Bent steel rods that form the surfaces of the backrest and seat of Guisset's Drapée chair appear to gather in one of the seat's front corners.
"I am very much interested in fabric and soft materials," Guisset told Dezeen. "A drape is fascinating because it recalls fluidity and a certain impression of movement. I wanted to recall this movement with a few lines, as if a fabric had been left on a chair frame."
The frame is made in two sections; a front piece with angled legs and a rounded back that are joined at the rear of the seat and held in tension by the steel wires.
The designer worked with a metal fabricator to develop the position of the lines, which were originally drawn using computer-modelling software but required an iterative process of refinement in the workshop.
"As the chair is made of free-form wires it was quite a challenge to make it comfortable and rigorous," Guisset recalled. "After each wire was welded, we tested comfort and observed the shape, unwelding lines as many times as necessary and doing it again. In the end we spent three full days in the factory, just for a tube frame and 16 lines in wire!"
The chair is designed to be used in homes or restaurants and therefore needed to be lightweight so it can be moved easily, and stackable for saving space.
"It was a real desire to make it strong, comfortable, stackable and light at the same time," said Guisset. "It was also about visual lightness that is a deep aspiration in my work. As it is built with just a few lines of tube and wire, physical lightness is a natural consequence."
The product is available in black, white, gold and pale blue finishes. A separate cushion pad features a pattern that replicates the lines of the seat.
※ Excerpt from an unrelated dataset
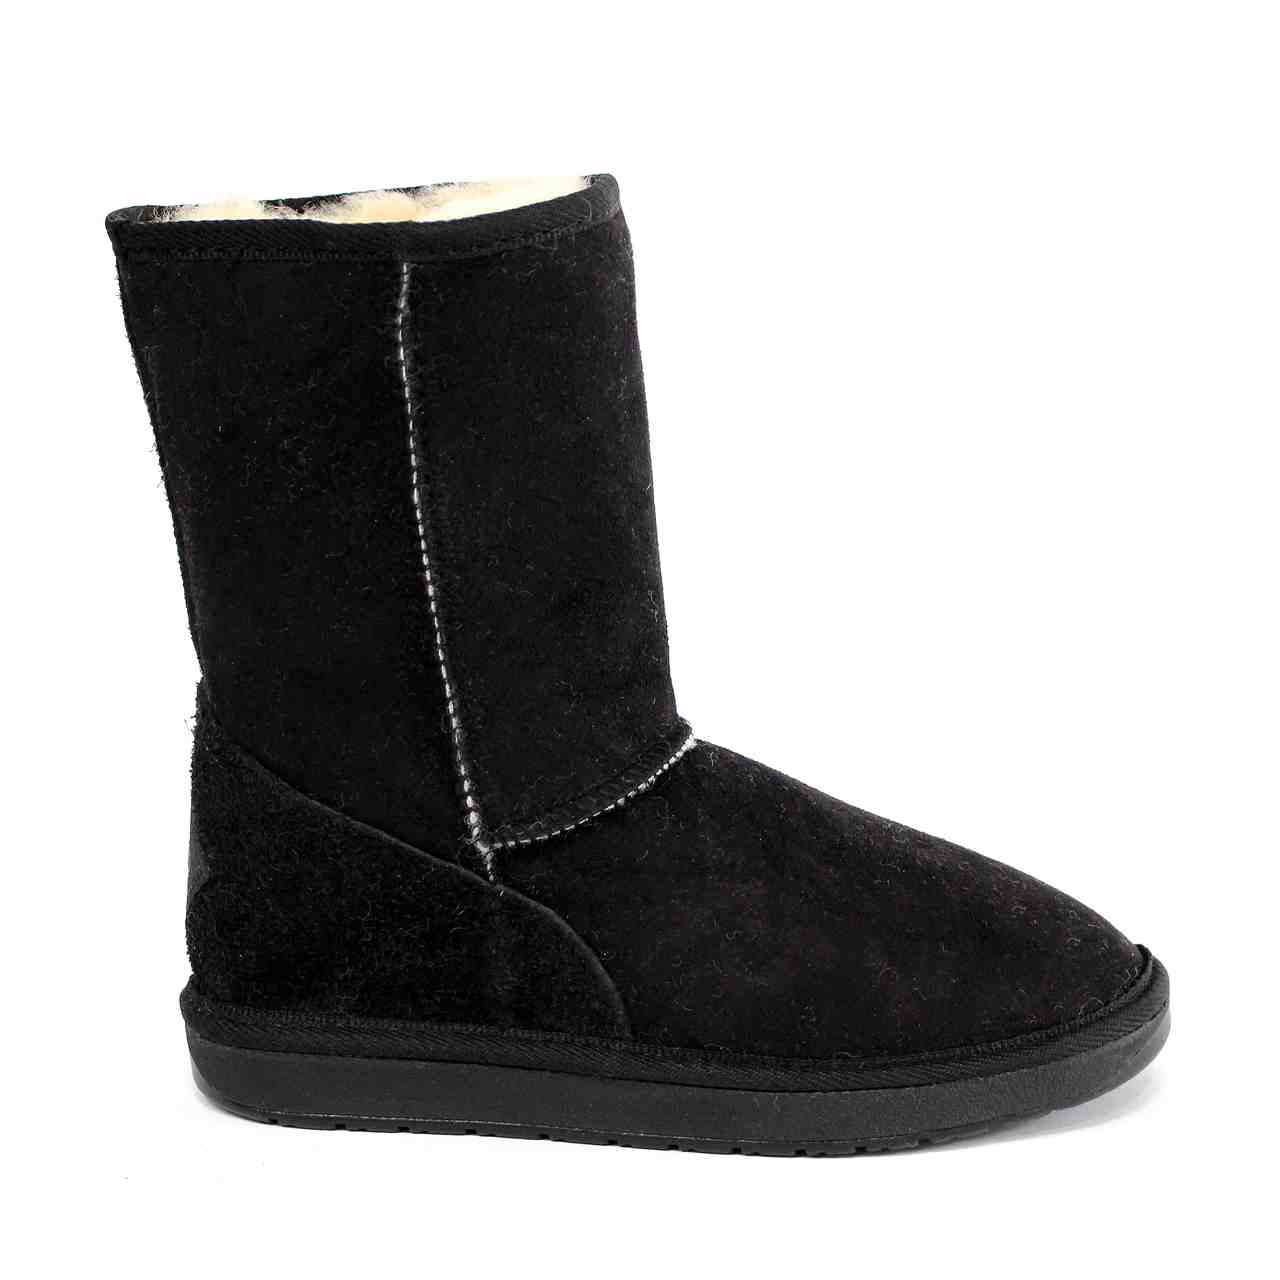 Tidal 3/4 Ugg Boots (Black)

Guisset's promotional photography presents the product alongside marble statues wearing the sorts of draped fabric garments that inspired the design.
"I often visit museums and take pictures of draped sculptures," said Guisset. "I feel a very soft sensuality in them, so it was quite natural for me to use some antique and Italian sculptures. I wanted the pictures to express the freedom, lightness and dancing qualities of the object. The drape was highlighted by the sculptures’ presence."